Not the original commenter, but my current ones are, EAs WRC it doesn’t work on Linux and the clubs feature is used by a couple of communities and is a great way to have current rallies.
Raceroom is not great on Linux, very crashy. But it can work at least.
I am also deep into Le Mans Ultimate, which just added EAC, and Devs have said they will not support linux. Currently it still works, but I am expecting that to end sometime soon.
For my hobby there isn’t really alternatives, iRacing doesn’t work, AC Rally is just too early and doesn’t have anything outside of leaderboards (and that doesn’t even have friend filtering). In terms of Sim racing there isn’t much that works really well on Linux and can’t exactly get the same experience in other games, like a 24hr race with driver swaps, ranked racing with multi class.
glog78@digitalcourage.social 3 days ago
@OrgunDonor
thanks for the answer. i remember there was a scene for sim racing at one point, but i am completly out of this one. Maybe @gamingonlinux has some ideas about racing.

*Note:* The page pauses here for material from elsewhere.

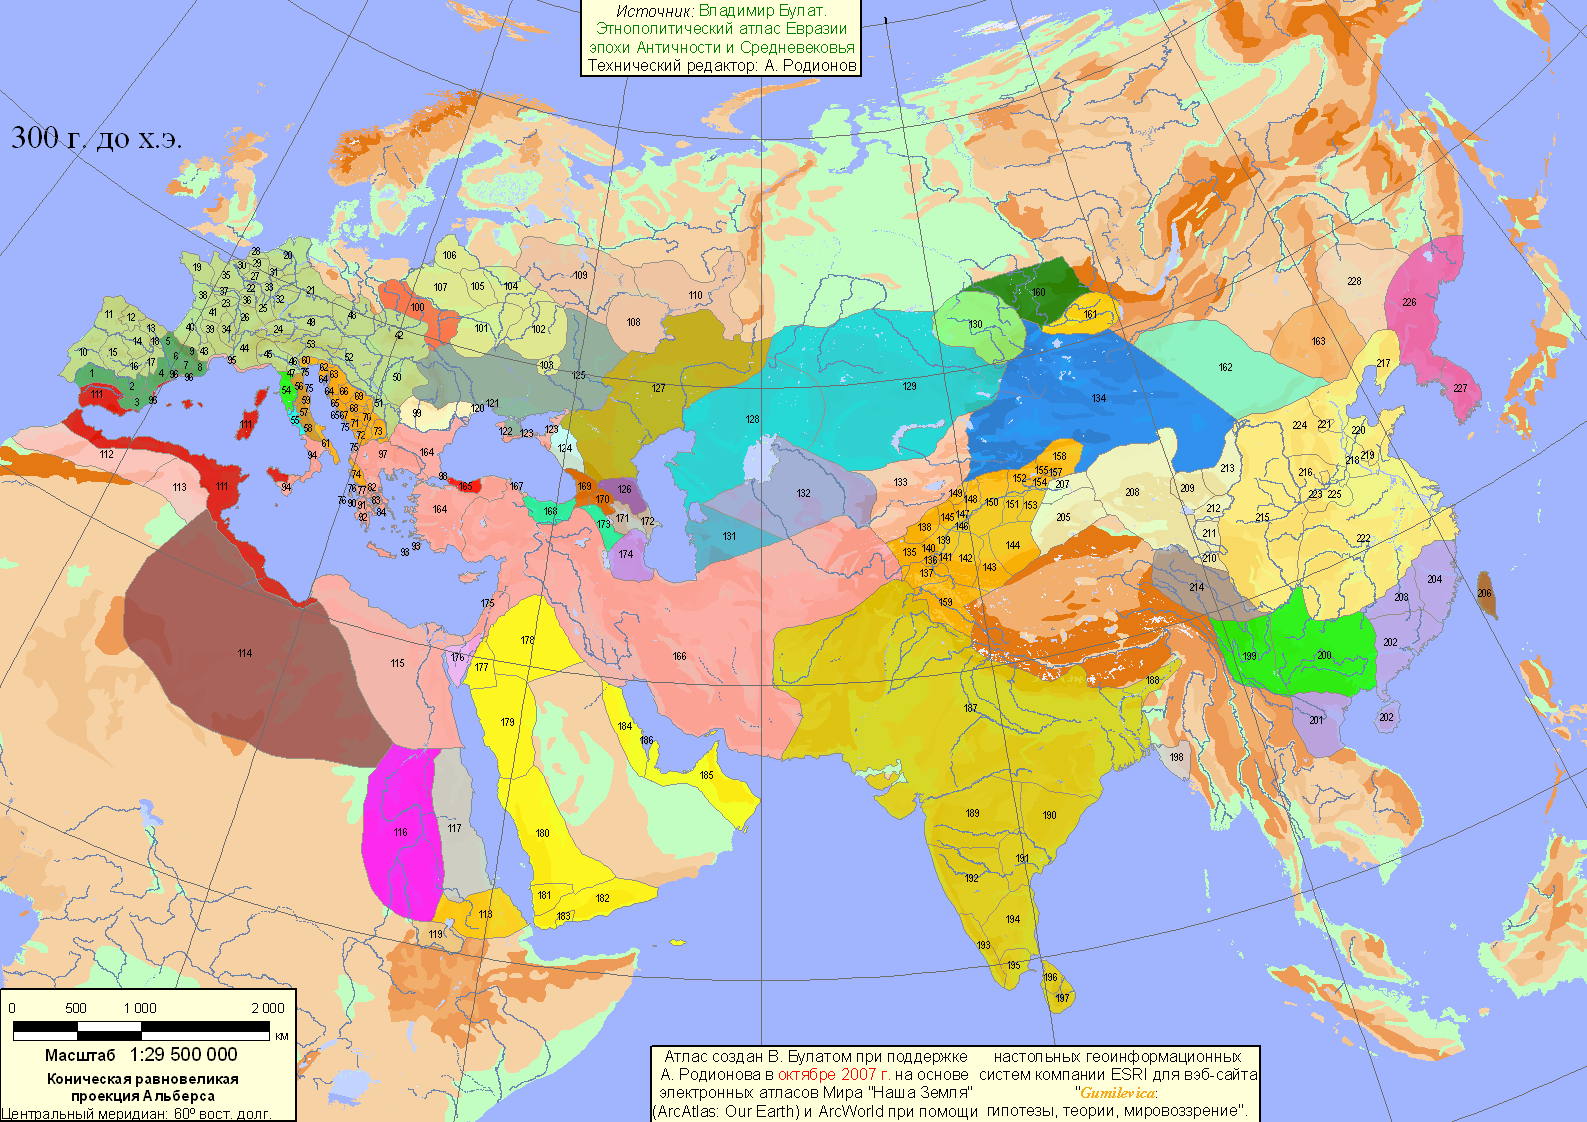 Eurasia - 300 BC (311 Kbytes)

OrgunDonor@lemmy.world 3 days ago
There are certainly options, but they are older or just not fully fleshed out for sim racing, Hardware has gotten pretty well supported now. And games like Le Mans Ultimate had their on proton fork to get it working. But If you want big races you are very limited software wise, you kinda only really have iRacing or LMU. And They both devs have been unsupportive of linux, although LMU does still currently work.
In terms of sims that do work, Automobilista 2, Raceroom, Assetto Corsa, AC Rally, AC Evo, AC Competizione, BeamNG.Drive, Dirt Rally 2.0 and i think Live for Speed.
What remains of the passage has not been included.